#### [TASK TO CARRY OUT]
Reproduce the data exactly as given, except for any images.

#### [SOURCE MATERIAL]
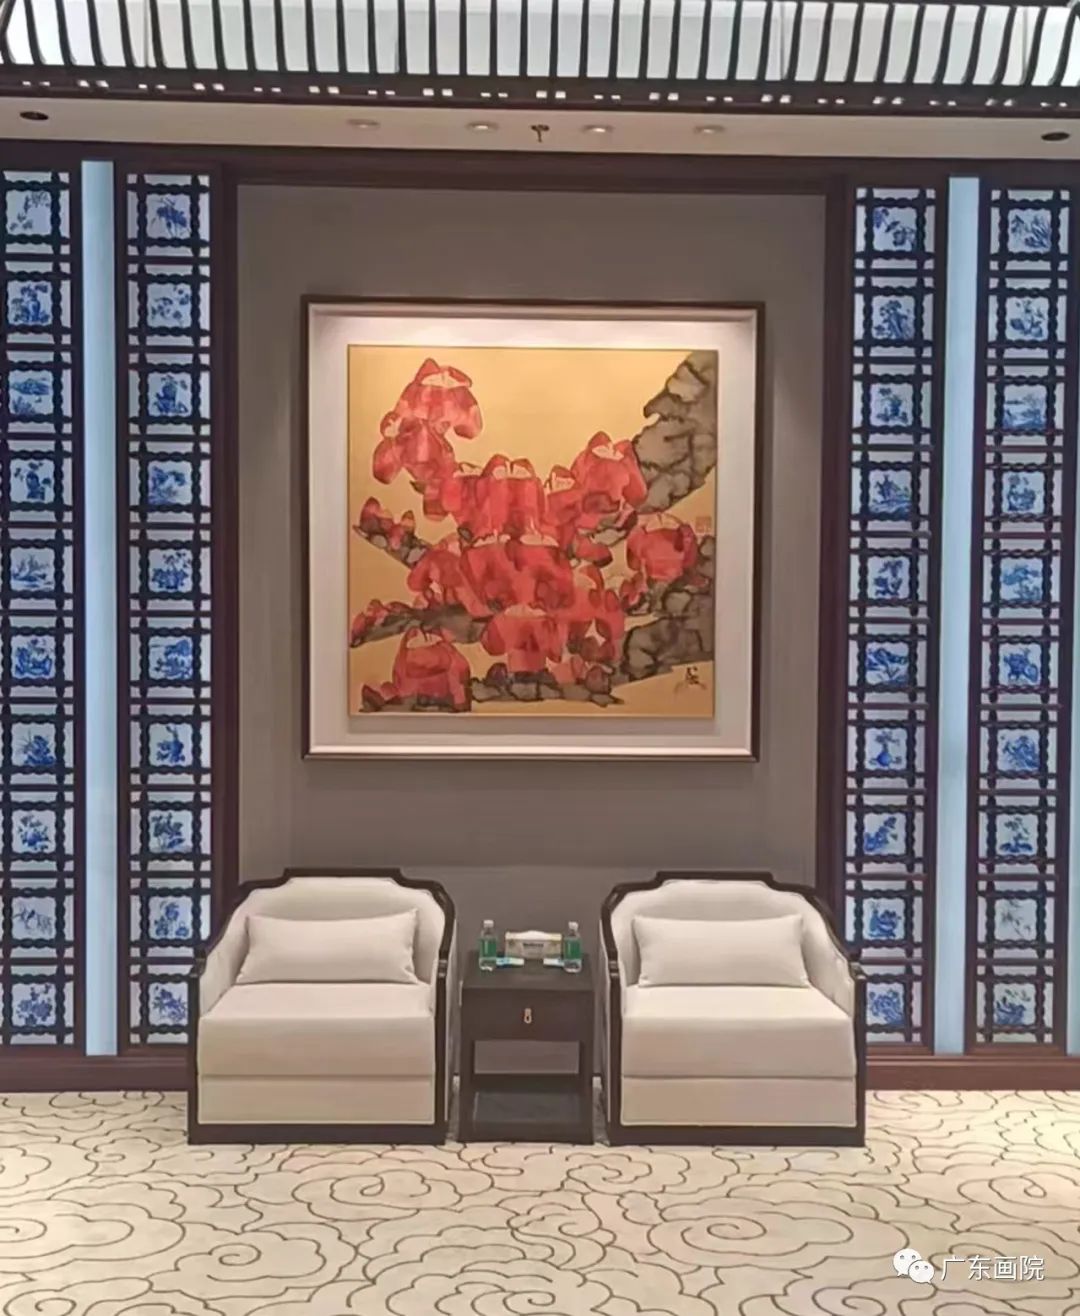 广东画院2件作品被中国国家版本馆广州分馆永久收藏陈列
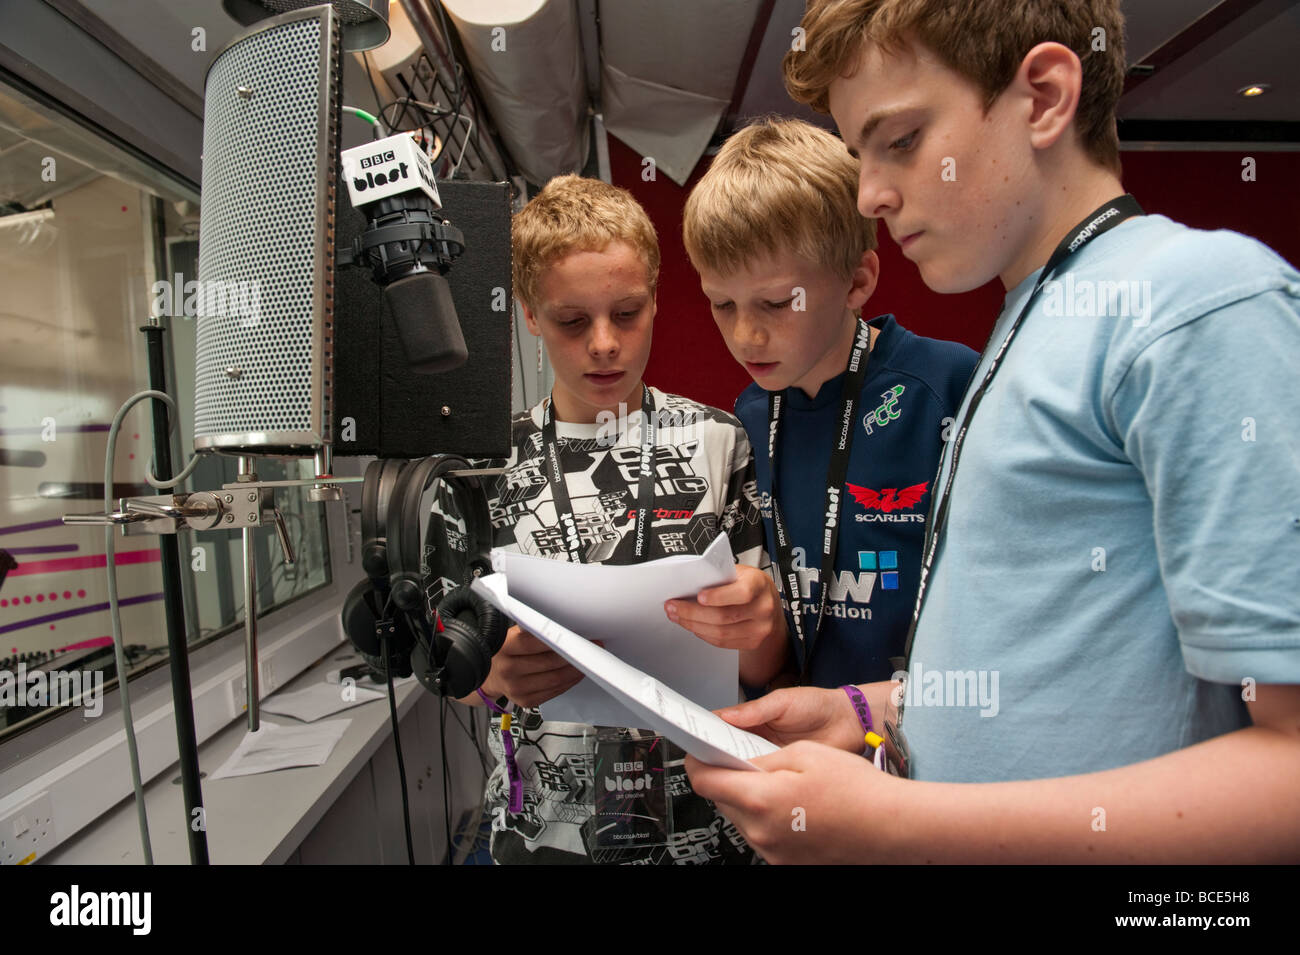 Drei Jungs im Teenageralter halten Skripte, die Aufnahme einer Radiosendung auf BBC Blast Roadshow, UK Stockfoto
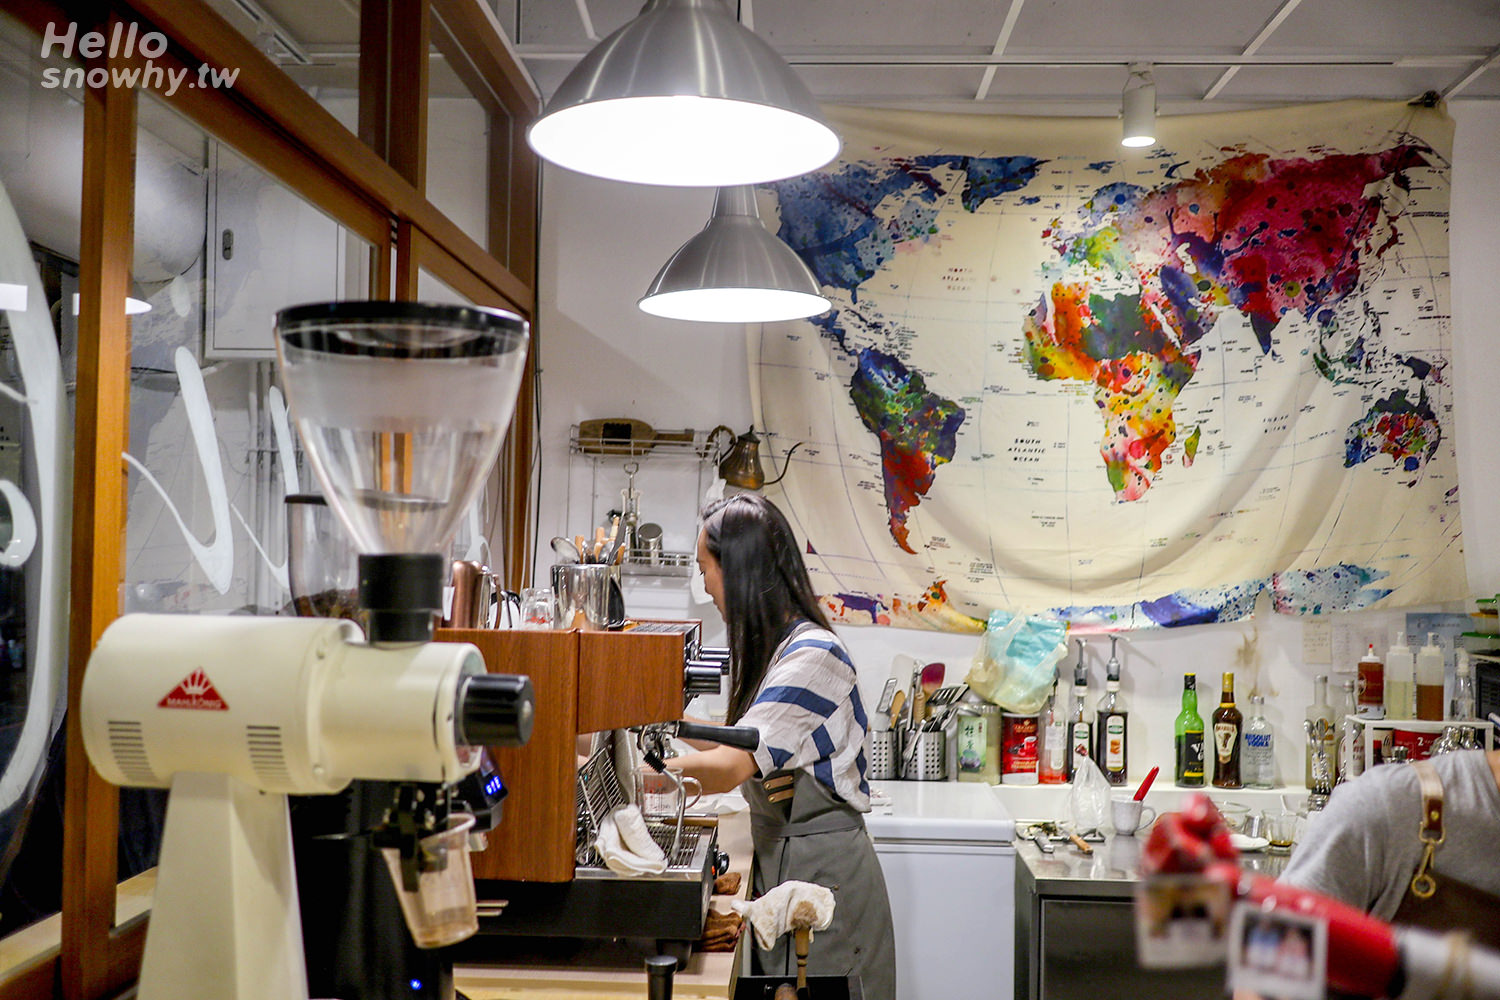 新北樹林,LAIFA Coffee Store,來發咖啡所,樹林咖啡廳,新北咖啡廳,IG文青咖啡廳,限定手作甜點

#### [OUTPUT BELOW]
 广东画院2件作品被中国国家版本馆广州分馆永久收藏陈列
 Drei Jungs im Teenageralter halten Skripte, die Aufnahme einer Radiosendung auf BBC Blast Roadshow, UK Stockfoto
 新北樹林,LAIFA Coffee Store,來發咖啡所,樹林咖啡廳,新北咖啡廳,IG文青咖啡廳,限定手作甜點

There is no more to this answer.